We recognize that the historical experiences of twentieth-century socialism do not provide models for us. We acknowledge that the socialist regimes in the former Soviet Union, China, and other countries did a great deal to eliminate exploitation, poverty, economic insecurity, and cultural backwardness. But we are also aware that most of these regimes suffered from authoritarianism and bureaucracy, and that they failed to develop genuine workers’ democracies. In our view, these unfortunate developments were partly caused by Western capitalist invasions, sabotage, and subversion, and partly caused by grievous errors made by the revolutionaries themselves. In the long run, these developments led to the downfall of most socialist regimes. However, like Marxists and socialists all over the world, we can learn from both the achievements and the mistakes made by the ‘first wave’ of socialist revolutions. We are convinced that the lessons to be learned from twentieth-century socialism can help us develop a theory and practice of socialism which places workers’ democracy, internationalism, and socialist morality at the heart of the radical project.

As the nucleus of a pre-party formation, we know that the first step in recruiting and retaining new members must be radical political education. We are especially concerned with helping working class people overcome bourgeois ideology, anti-worker views, national chauvinism, racism, and sexism. However, we are not a ‘talk shop’ of armchair radicals. We will join other workers in ongoing struggles for better wages and working conditions, affordable health care, adequate housing, and good schools. We will strongly support ongoing struggles to end racial and gender discrimination, police brutality, the imprisonment of political activists, and U.S. imperialism. As we do so, we will retain the right of independent political action while we strive to unite as many people as possible in support of the most advanced political orientation.
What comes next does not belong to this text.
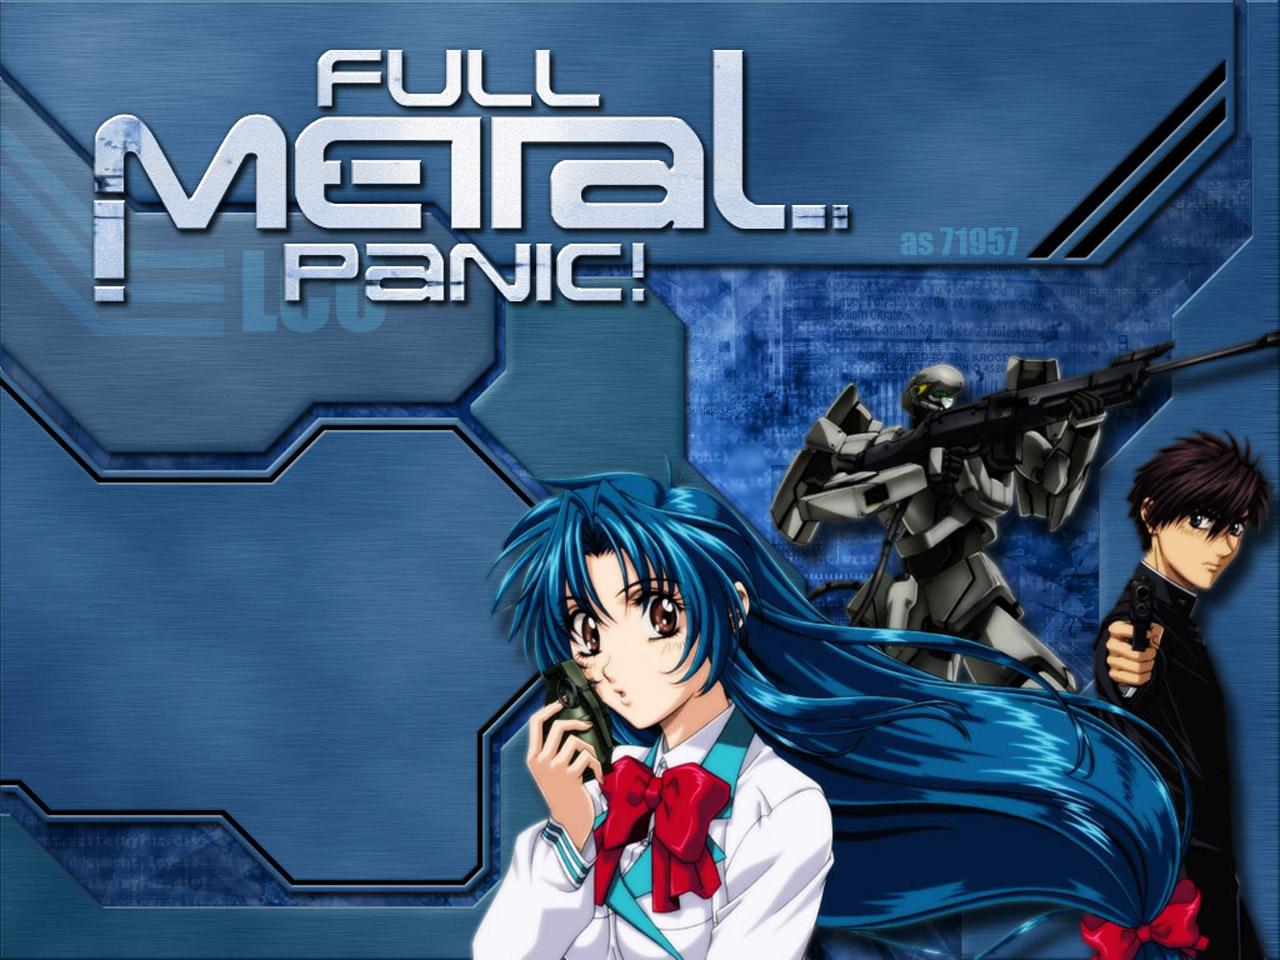 http://imagesdefonds.free.fr/anime/Full_Metal_Panic/full_metal_panic_1280_014.jpg

However, our fundamental strategic objective will be to grow into a large, multi- racial working class organization of women and men which can become a revolutionary and democratic socialist political party in the years ahead. Both in conducting outreach activities for our collective and in supporting other workers’ struggles, our paramount priority must be the recruitment and retention of new socialists. We pledge to do all that we can, collectively and individually, to support each other in everyday life. We pledge to work together democratically and cooperatively in order to serve as a model of the socialism we envision. We pledge to take significant special measures to end national oppression, racism, and sexism. We pledge to oppose all forms of chauvinism. Finally, we pledge to make the struggle for socialism a central part of our lives and show our brother and sister workers that there is reason for hope amid the oppression of contemporary capitalism.